Dismantling VHS tapes may create job opportunities

But critics fear that it may lead to a loss of television history

Graham Lewis, right, shows MP Mike Sullivan, left, a typical VHS dismantling workshop.  Photo courtesy of GenesisXD

There are many VHS tapes sitting in basements collecting dust, but Project Get Reel hopes to change that.

It plans to take unwanted VHS tapes, keep them out of landfills and turn them into employment opportunities in Ontario.

Some question whether this may destroy a part of Ontario’s television history.

Project Get Reel, which was introduced Thursday at the Learning Enrichment Foundation (LEF) in Toronto, began when co-founder David Neilson realized that recycling programs would take a VCR, but not VHS tapes. And the group says there are 2.26 billion VHS tapes in Ontario.

“Nobody is recycling tapes,” he said, so thought he’d try it himself.

“I worked away in my basement for a couple of years and finally found a way of dismantling them and identifying all the components we get out of them,” he said.

“A typical tape has a cardboard outer shell, which can be recycled, but once you get the tape itself, you actually have to unscrew the tape.

“There’s about 18 different pieces in there,” Neilson explained. The process can only be done manually.”

The project aims to make the environment greener, and improve Ontario unemployment rates.

“Two problems will be tackled with one,” she said.

LEF event manager Darri Beaulieu sees her organization benefiting from the project.

“It’s excellent, nice collaboration, it opens opportunity in terms of jobs,” Beaulieu said.

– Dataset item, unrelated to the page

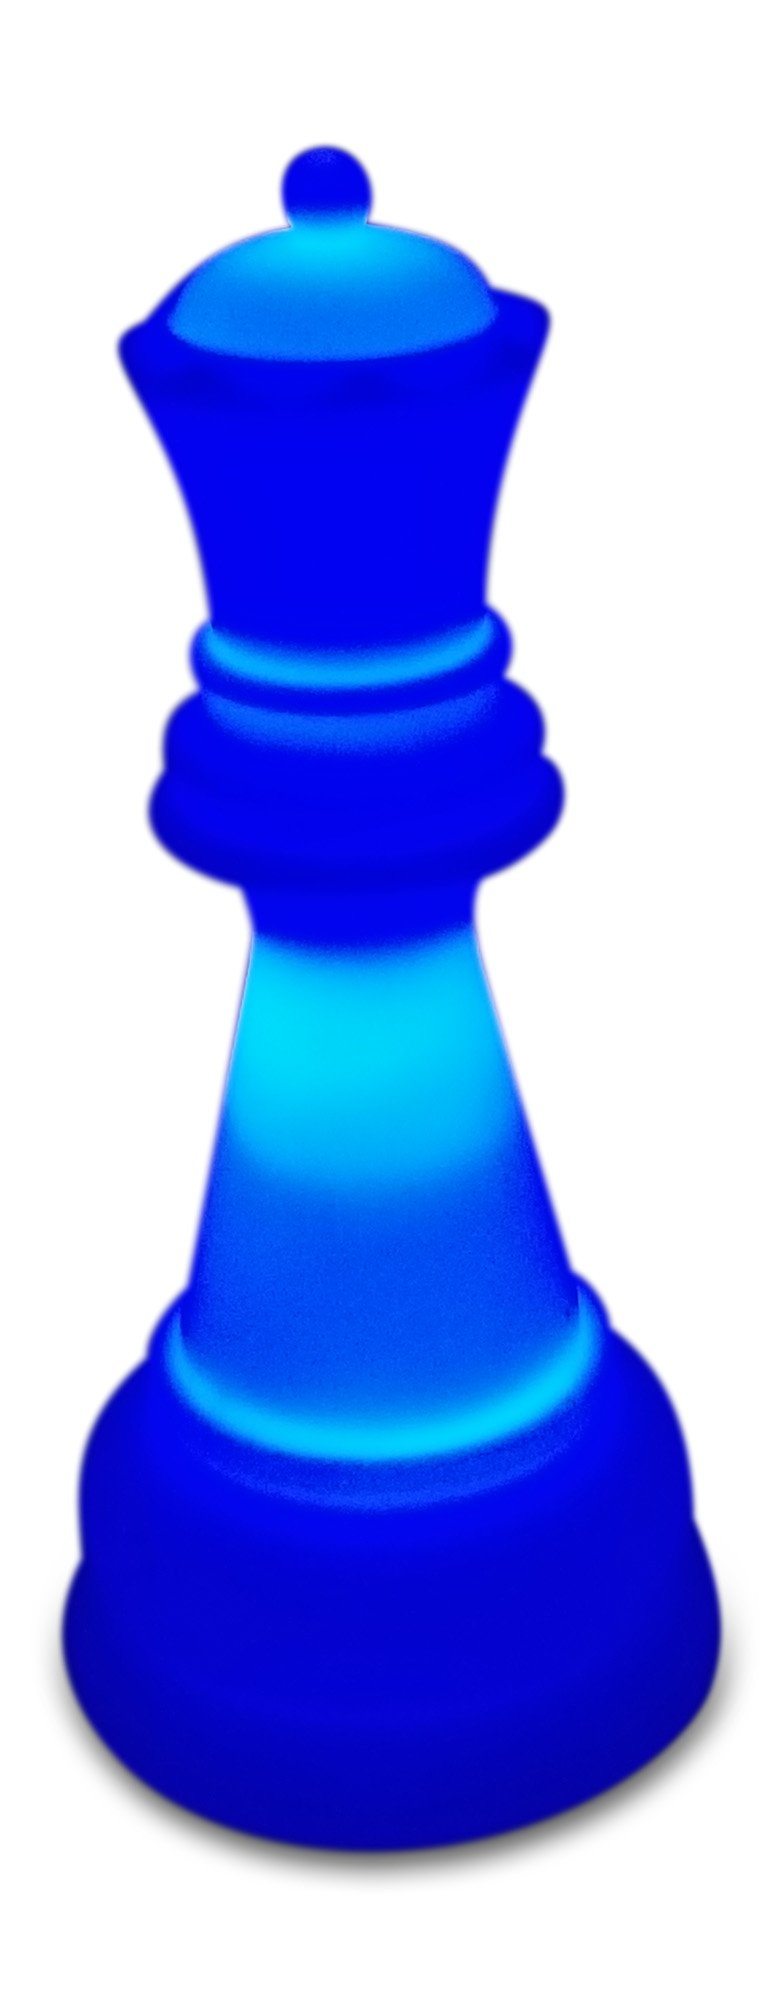 MegaChess 31 Inch Perfect Queen Light-Up Giant Chess Piece - Blue | Default Title | MegaChess.com
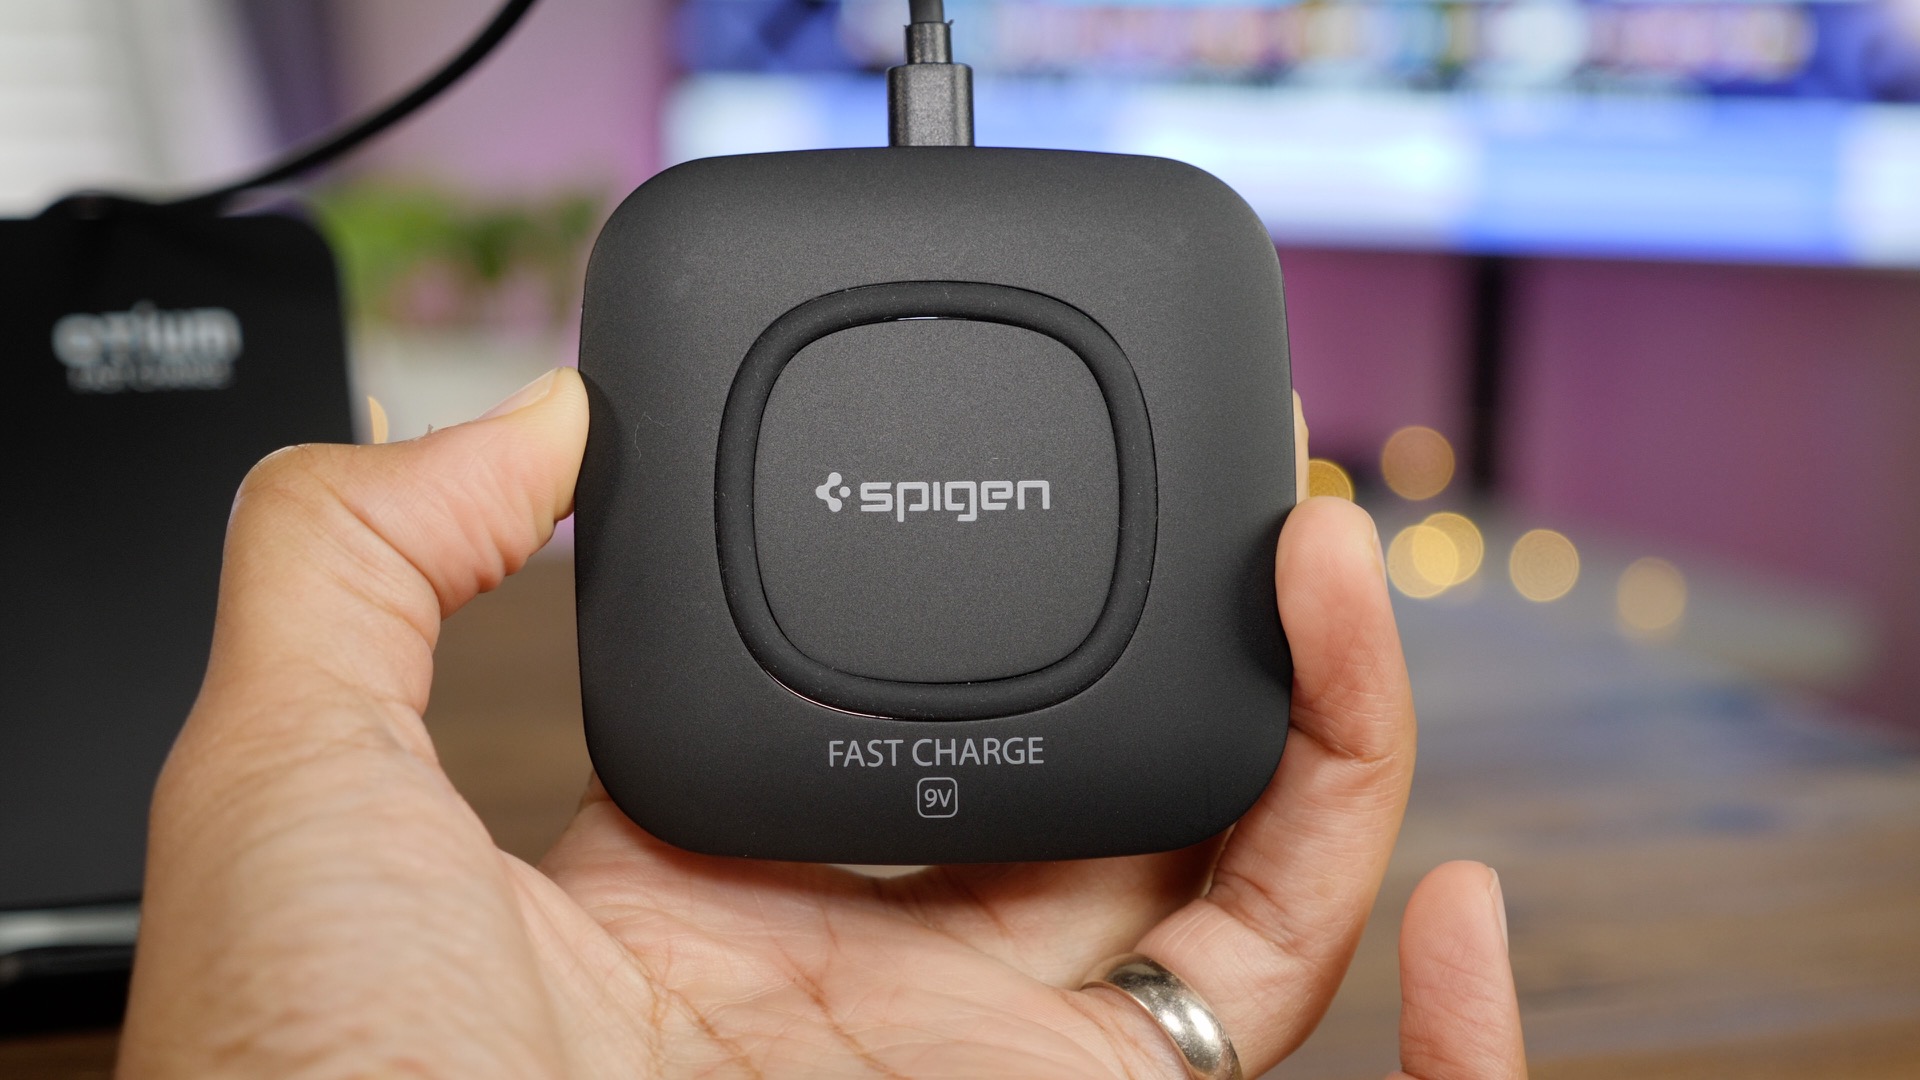 spigen-wireless-charger-iphone-8.jpg?quality=82&strip=all

LEF is a community organization that helps with employment, starting a new career and it also operates 22 childcare centres.

The venture has received mixed feedback. Some video collectors went on the project’s Facebook page to express  dismay over losing the content on the tapes.

Lunchmeat, a publication that is focused on the celebration and preservation of the VHS format, recently blogged about losing valuable film history if Project Get Reel goes through as planned.

“You just don’t know what’s on these tapes Get Reel is trying to recycle, so it’s imperative to examine the content of the tapes,” said Josh Schafer, founder of Lunchmeat.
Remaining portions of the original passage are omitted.